The Alpha Potential in Japan's Small Caps

The potential to generate alpha by investing in Japan's small companies is driven by multiple factors: thin sell-side research coverage, an undersize venture-capital funding environment and low correlations to other asset classes.

Many investors already have exposure to the Japanese economy's new era, ushered in by corporate reforms and increasing integration with broader Asia. While these growth drivers apply across the market capitalization spectrum, a compelling alpha opportunity may exist in Japan's small-cap market.

The potential to generate alpha by investing in Japan's small companies is driven by multiple factors: thin sell-side research coverage, an undersize venture-capital funding environment and low correlations to other asset classes.

Thin Research Coverage

After years of lackluster equity performance and declining commission rates in Japan, many sell-side firms focused resources on a limited number of large caps in Japan, primarily those with trading volumes that justify the costs. 

Geography also plays a role. Most Japan-focused sell-side firms are based in Tokyo. Companies elsewhere tend to be overlooked until they reach a certain size. As a result, the universe of small-cap Japanese equities is largely uncovered by sell-side analysts, leaving the field open for active managers to find undiscovered companies with growth potential. 

Of the more than 1,900 Japanese small-cap equities for which FactSet Research Systems tracks analyst coverage, 75% are not covered by any third-party sell-side research providers or have just single-analyst coverage. Compare that with the small-cap market in the U.S., where 70% of companies are covered by three or more analysts, leaving only 22% with one or zero analyst coverage. In fact, among small caps, Japan has less analyst coverage than the U.S., Western Europe or even Asia ex Japan.  

This information asymmetry creates a potential advantage for fundamental active managers, as exciting companies with underlying characteristics that can fuel long-term, sustainable growth often are overlooked by investors.

Limited Startup Funding

Although sell-side analyst coverage of small-cap companies in Japan is thin, there is no lack of companies to cover. In fact, Japan features a steady flow of small-company listings on public exchanges.
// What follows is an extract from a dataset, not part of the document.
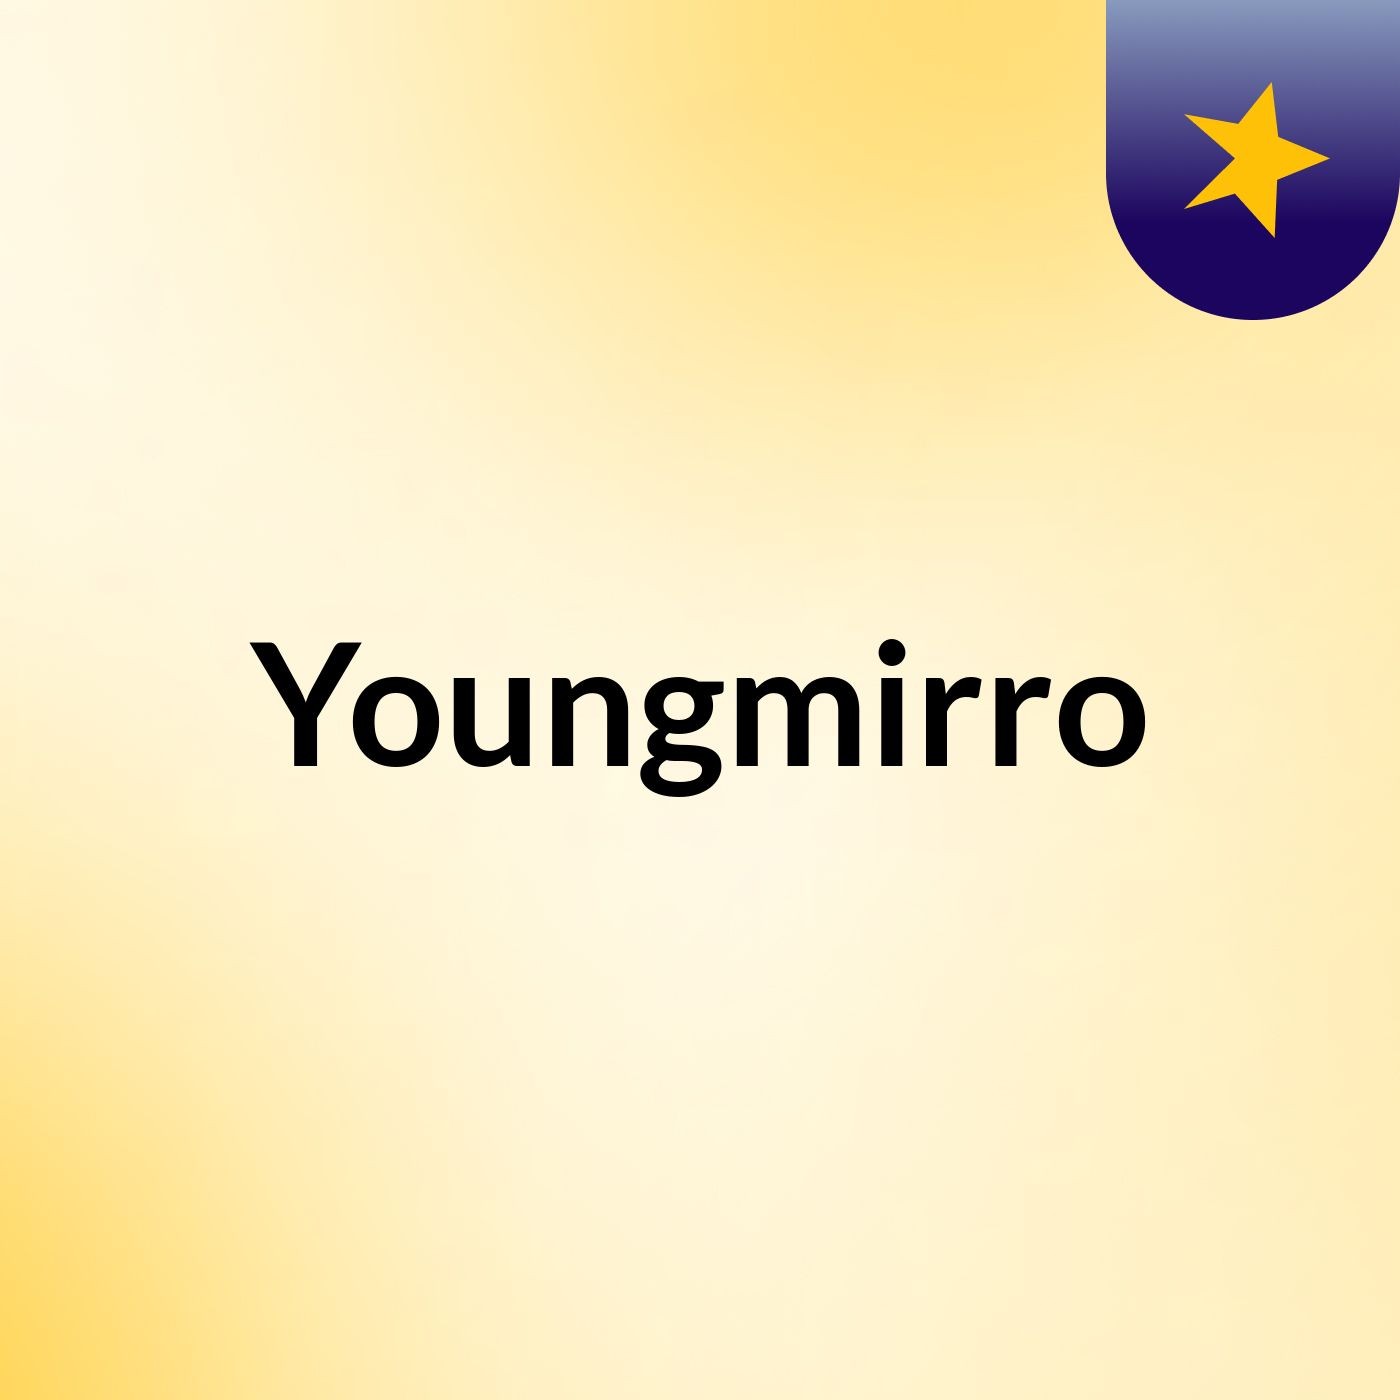 Youngmirro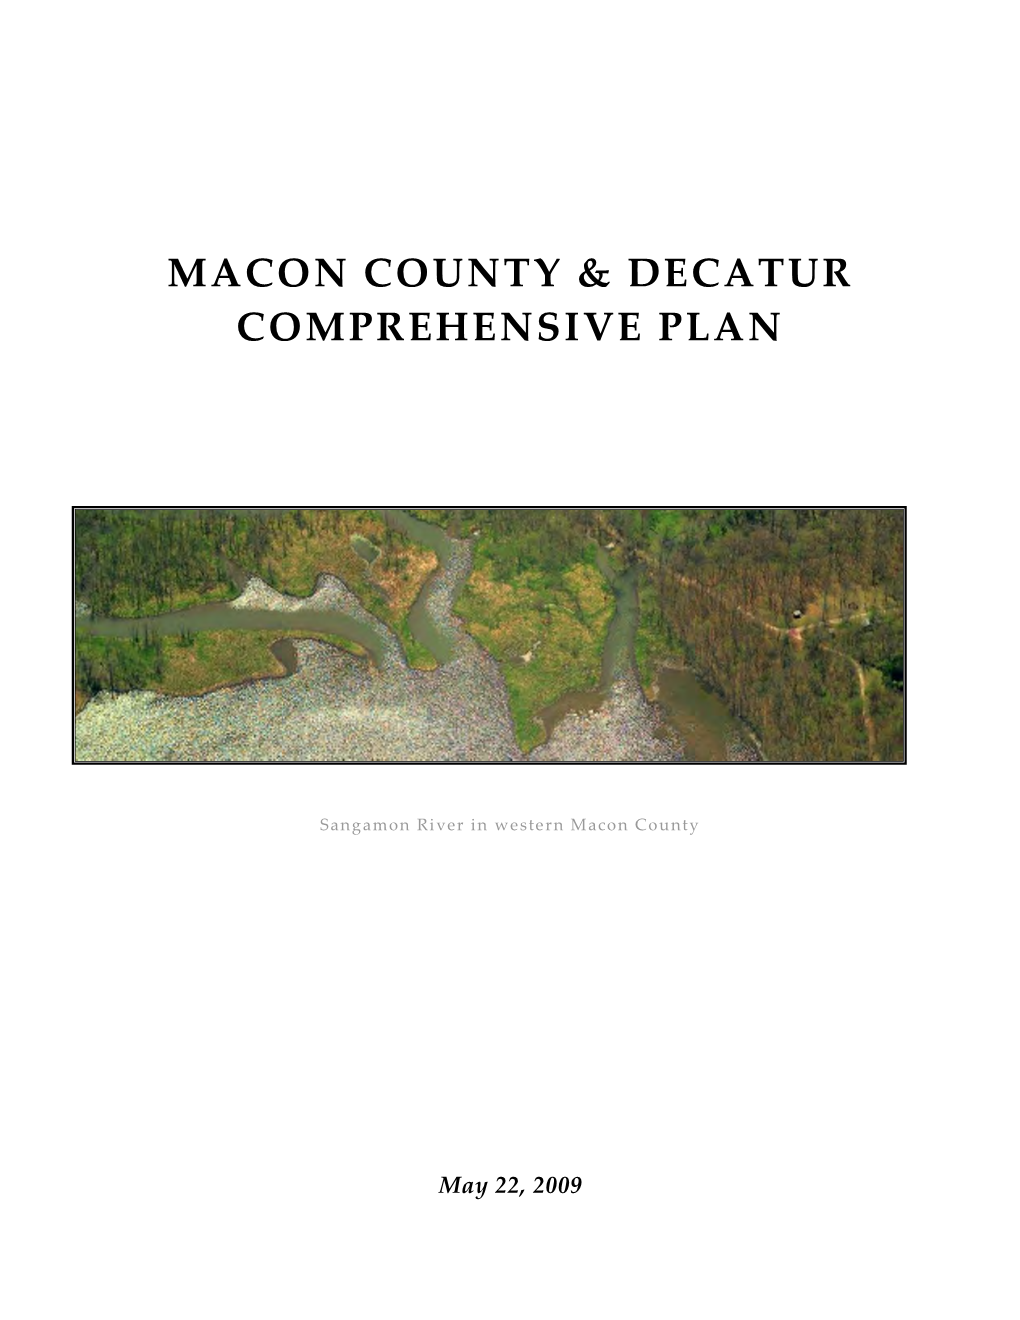 Decatur/Macon County Comprehensive

Early- and middle-stage companies—and even companies with decades of history that want to launch a new phase of rapid growth—frequently turn to public listings to raise capital, given the country's limited scope of venture capital and startup funding.
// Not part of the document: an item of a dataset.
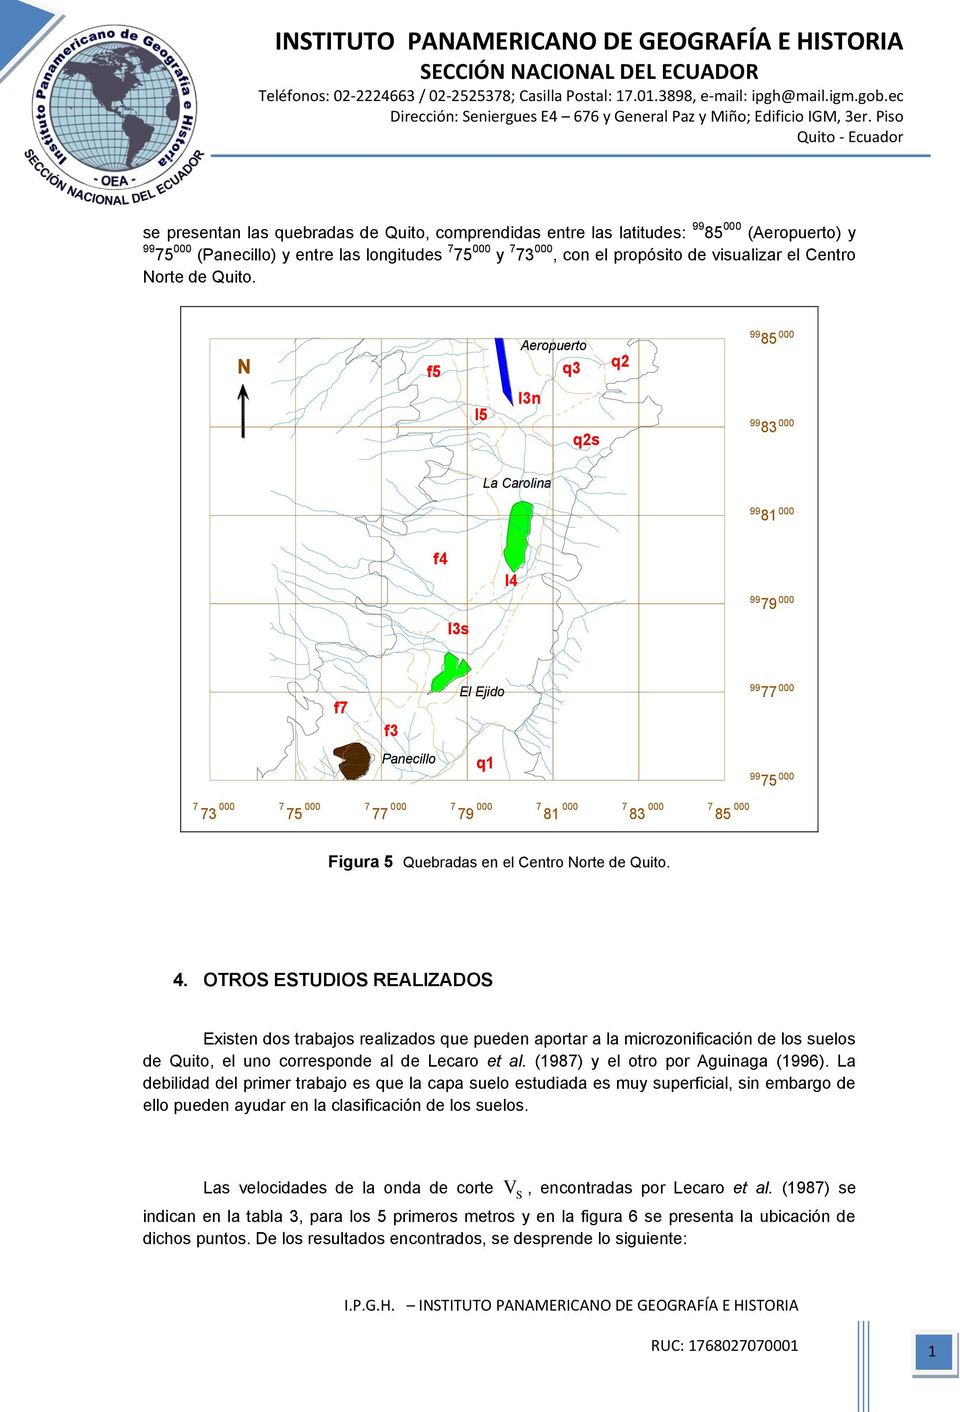 OTROS ESTUDIOS REALIZADOS Existen dos trabajos realizados que pueden aportar a la microzonificación de los suelos de Quito, el uno corresponde al de Lecaro et al. (1987) y el otro por Aguinaga (1996).

The gap in startup funding is significant. The market capitalization of listed U.S. companies is approximately six times larger than the market capitalization of listed Japanese companies—but the disparity in venture capital is meaningfully more pronounced: Venture capital investment in the U.S. is more than 40 times greater than in Japan, as of the end of 2017. Historically, the venture-capital landscape in Japan has been constrained by several factors, including cultural and language barriers, unfavorable tax and corporate laws and a bank-centric financial system that favors conservative investment strategies. 

As a meaningful number of small Japanese companies turn to public markets for funding, alpha-seeking investors can benefit from a wider opportunity set—and many of these small, innovative companies start small and grow bigger, rewarding investors along the way.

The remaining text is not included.